[RECORDED INFORMATION]
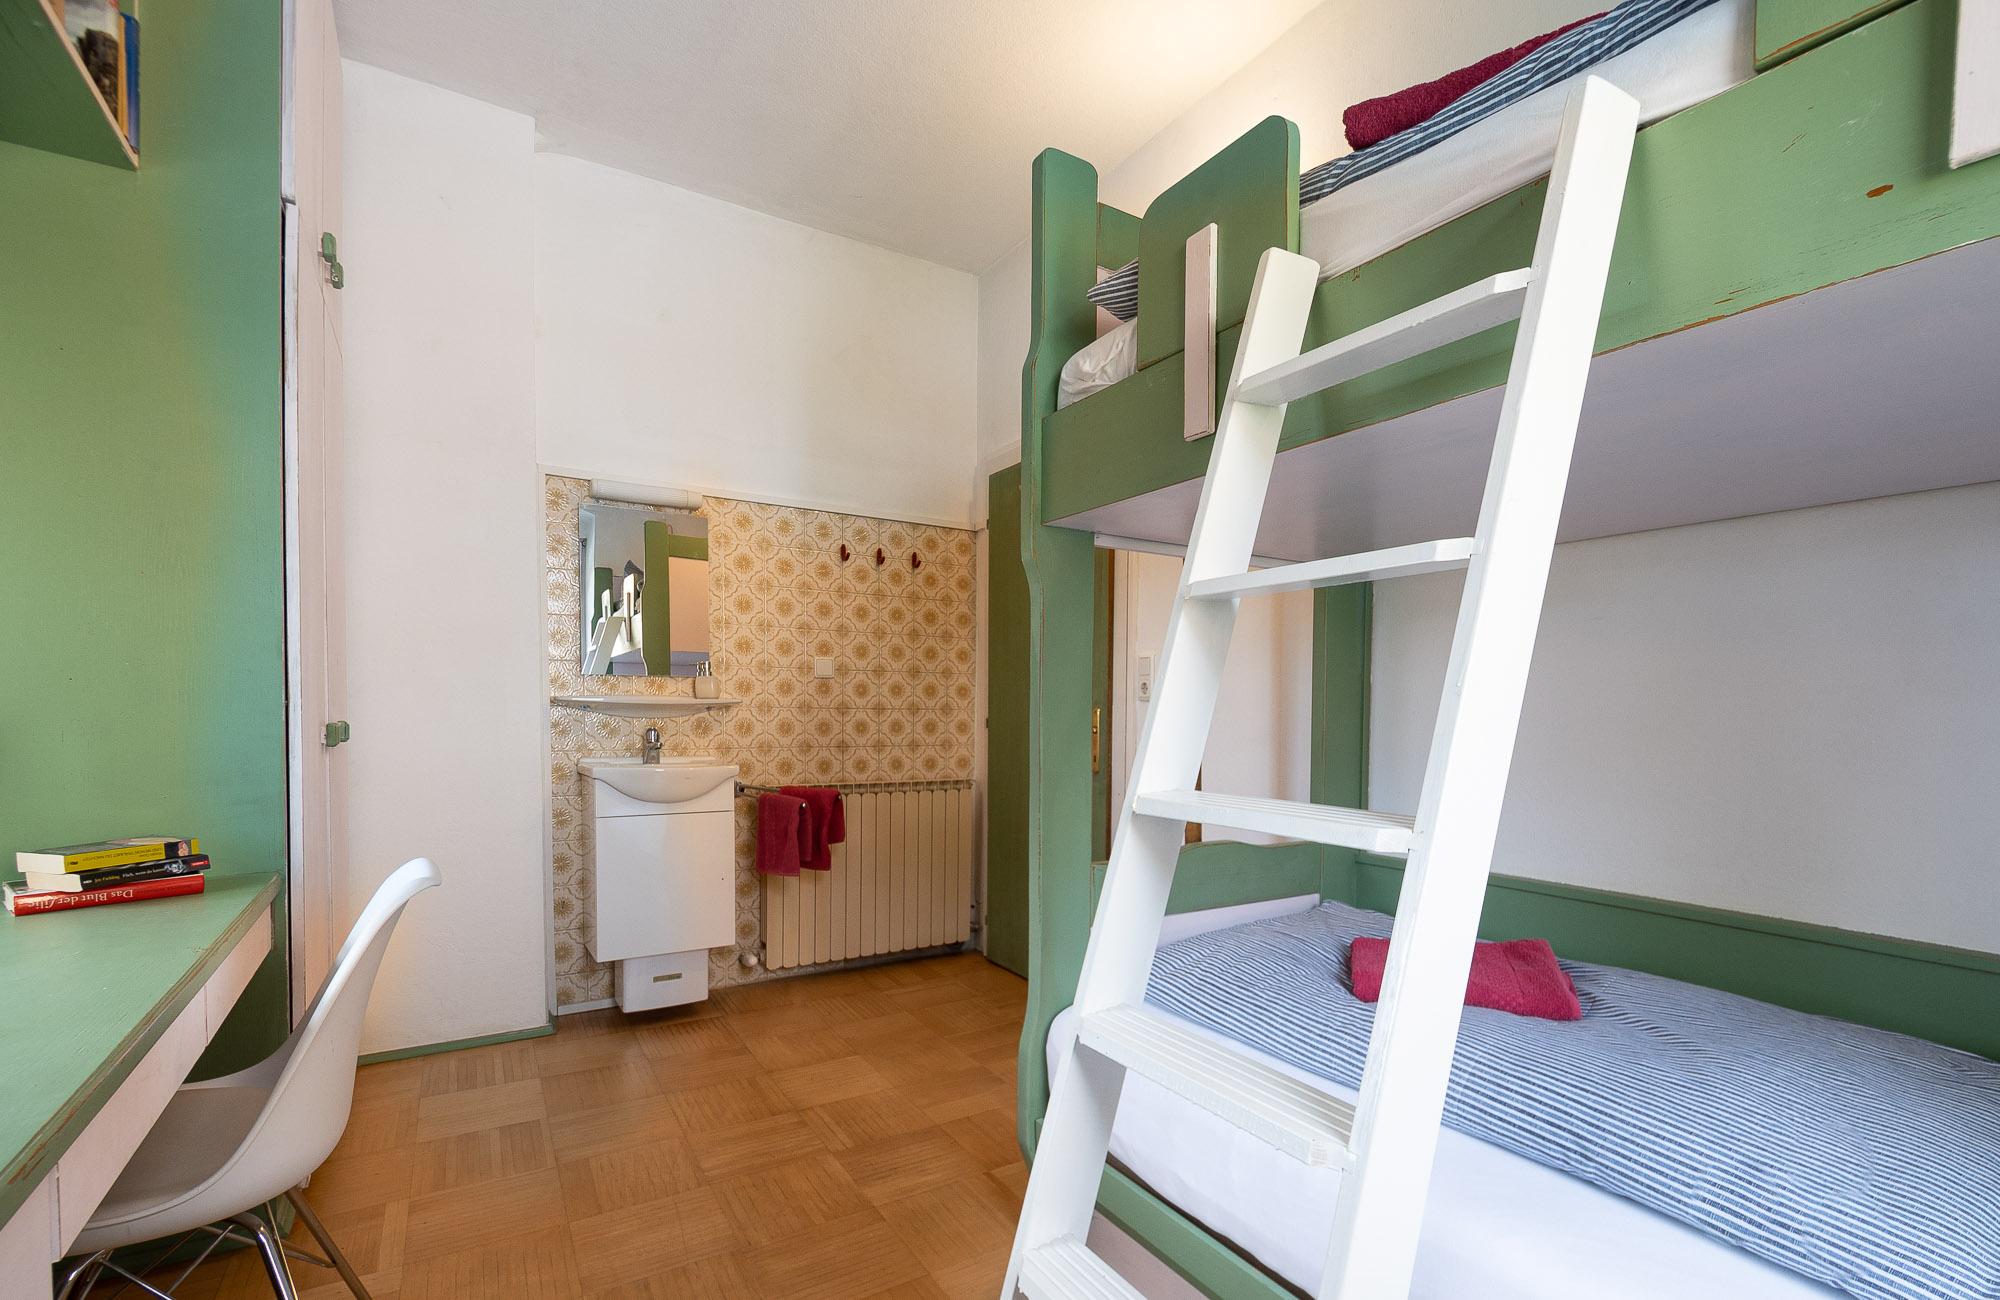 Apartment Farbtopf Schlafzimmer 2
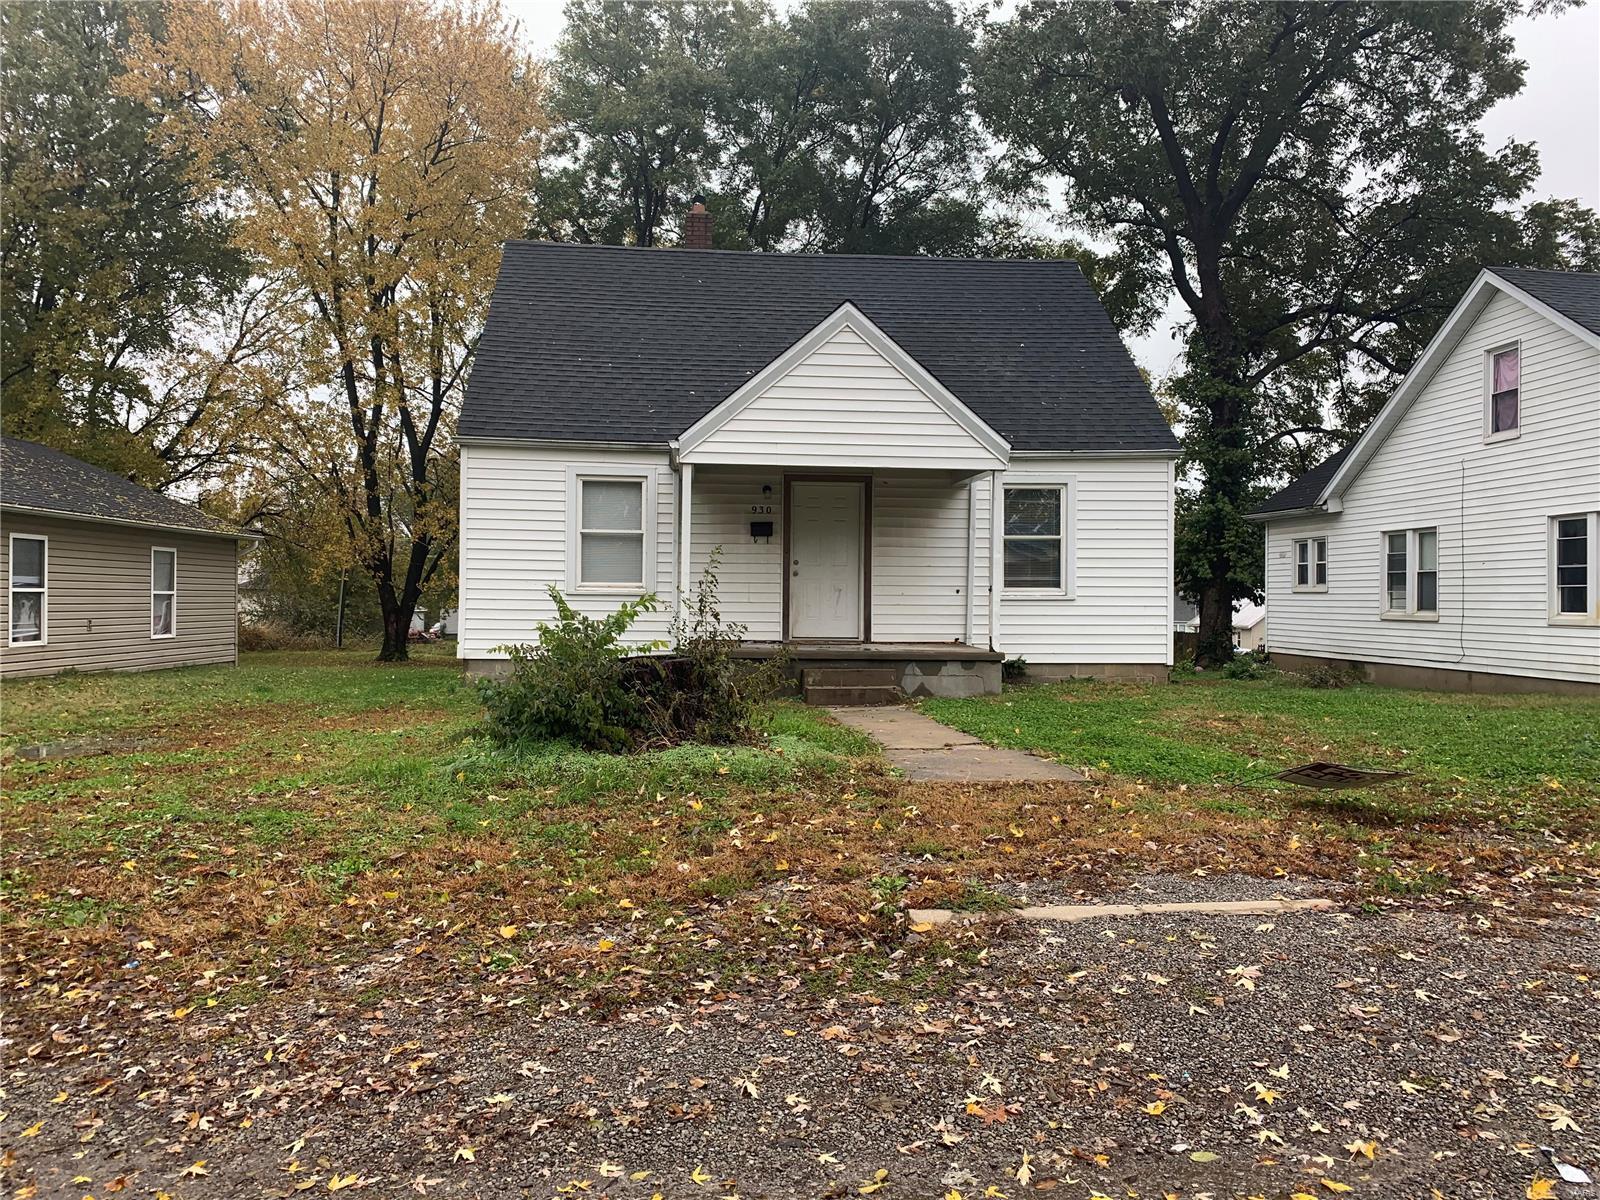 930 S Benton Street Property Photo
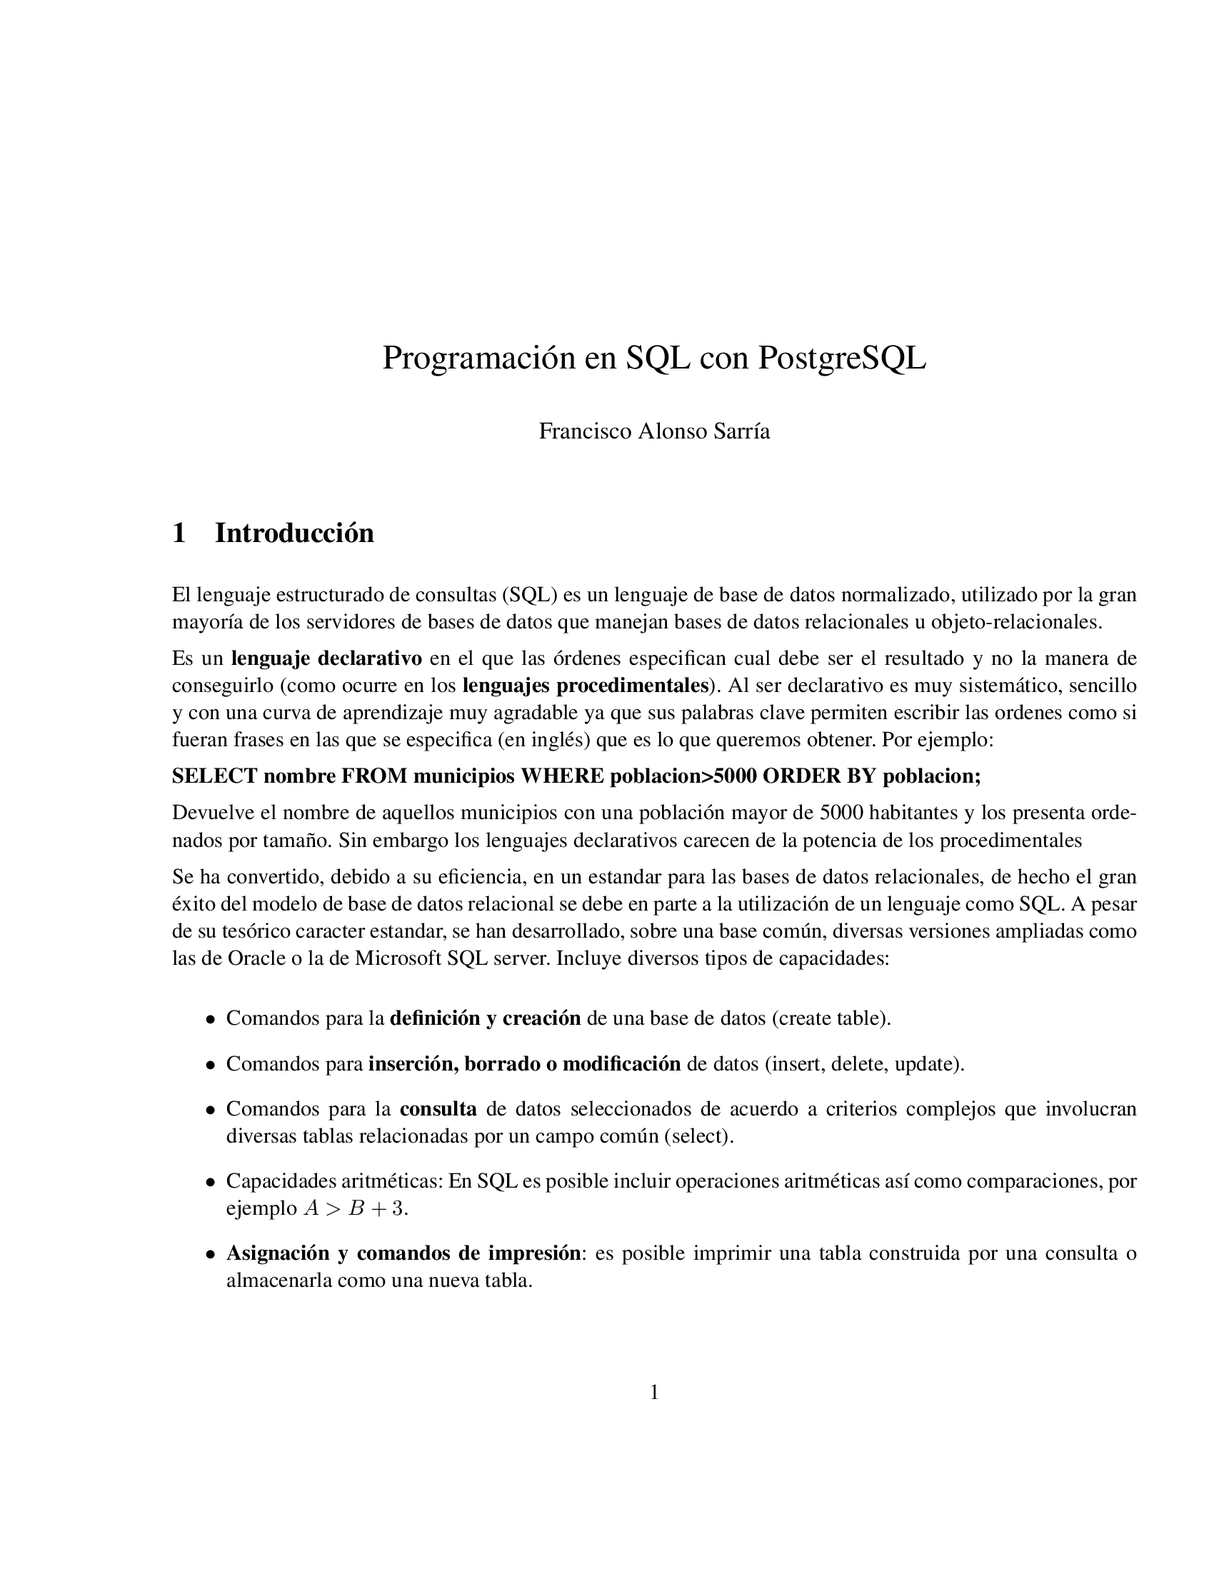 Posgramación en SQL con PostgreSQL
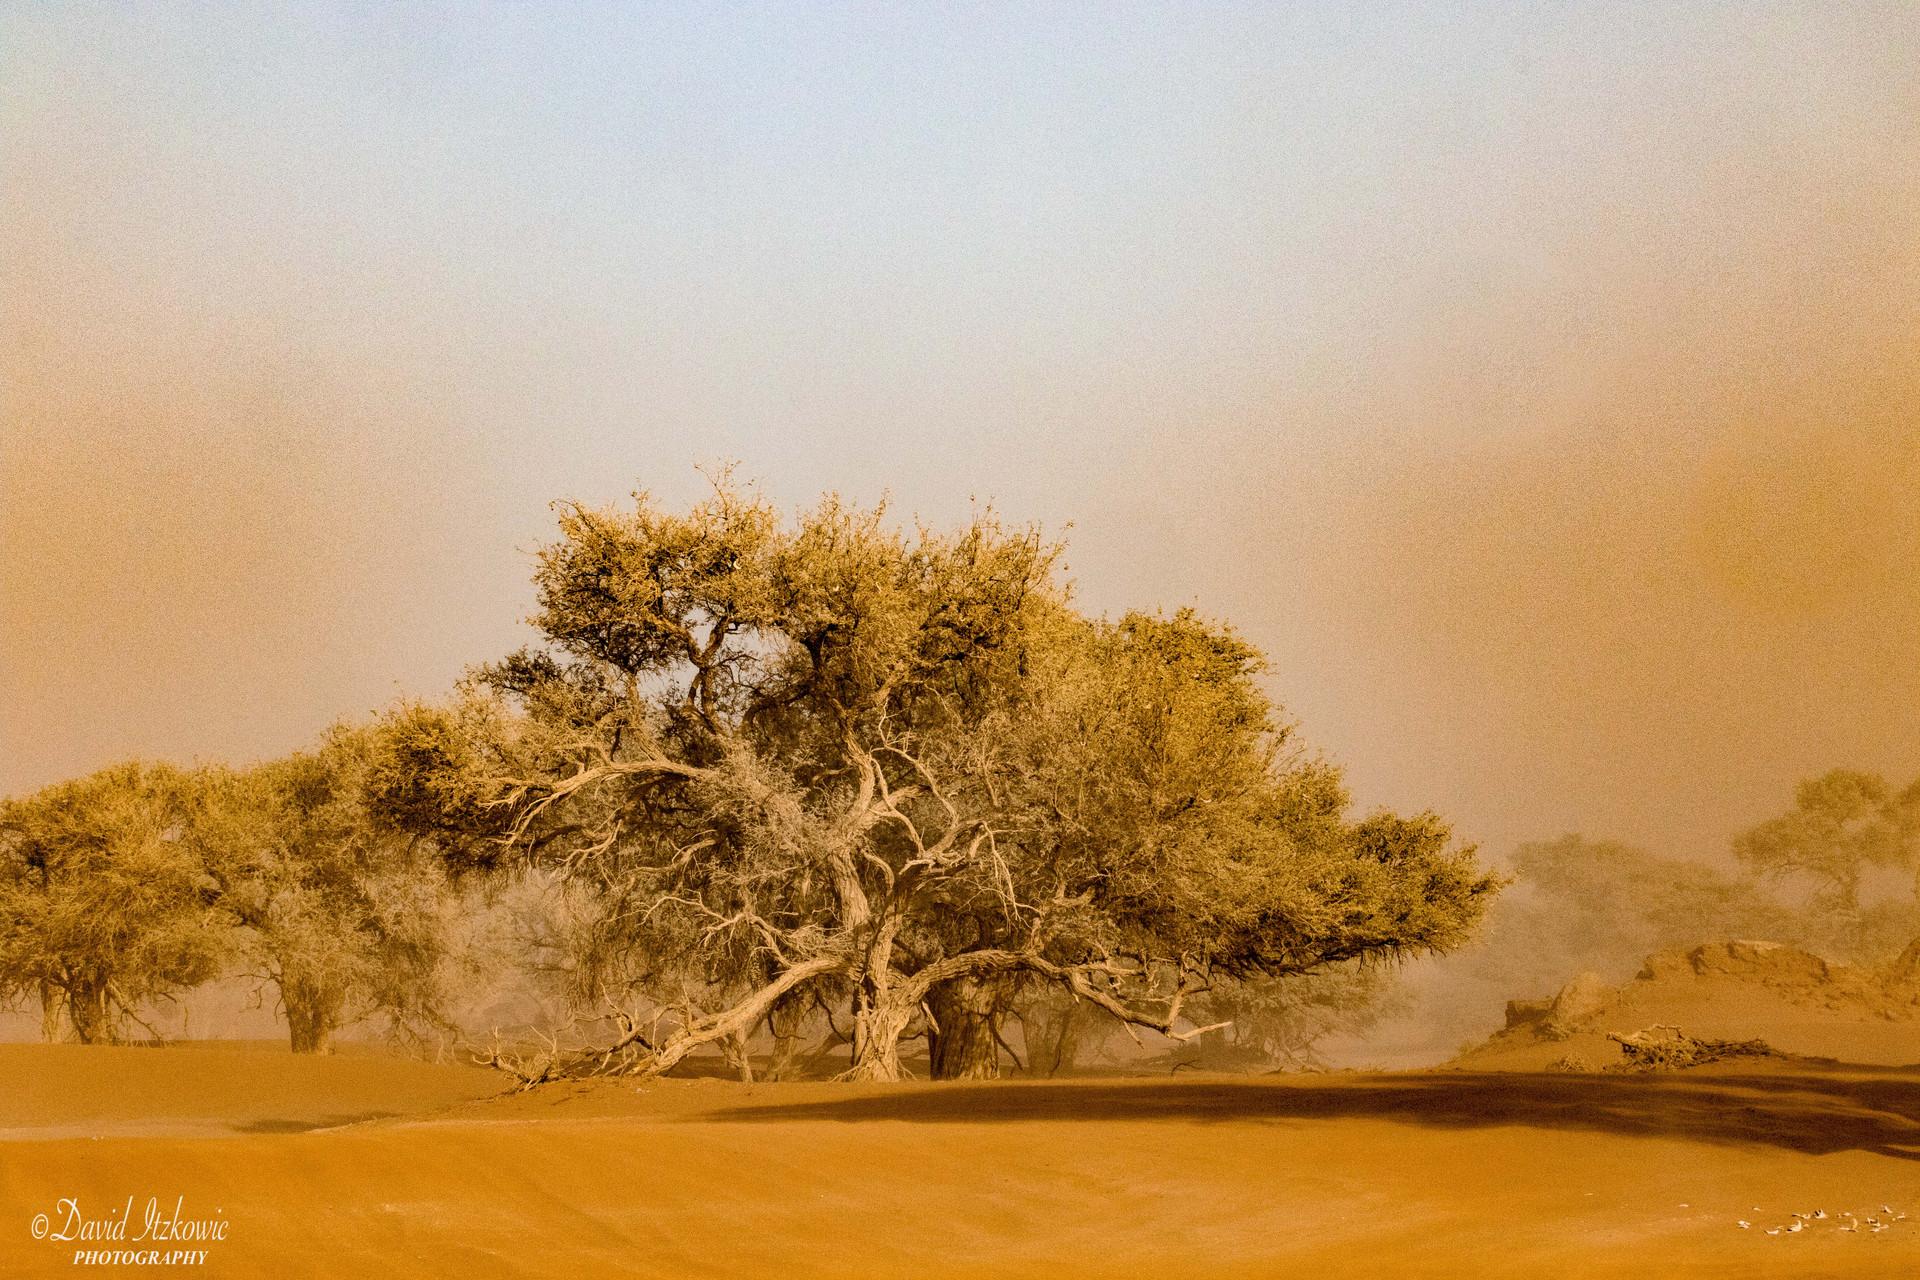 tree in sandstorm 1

[WHAT NEEDS TO BE DONE]
Your reply should give again exactly the lines from the one with "Posgramación en SQL con PostgreSQL" through the last line of the data, with both ends included and pictures left out.

[RESULT BELOW]
 Posgramación en SQL con PostgreSQL
 tree in sandstorm 1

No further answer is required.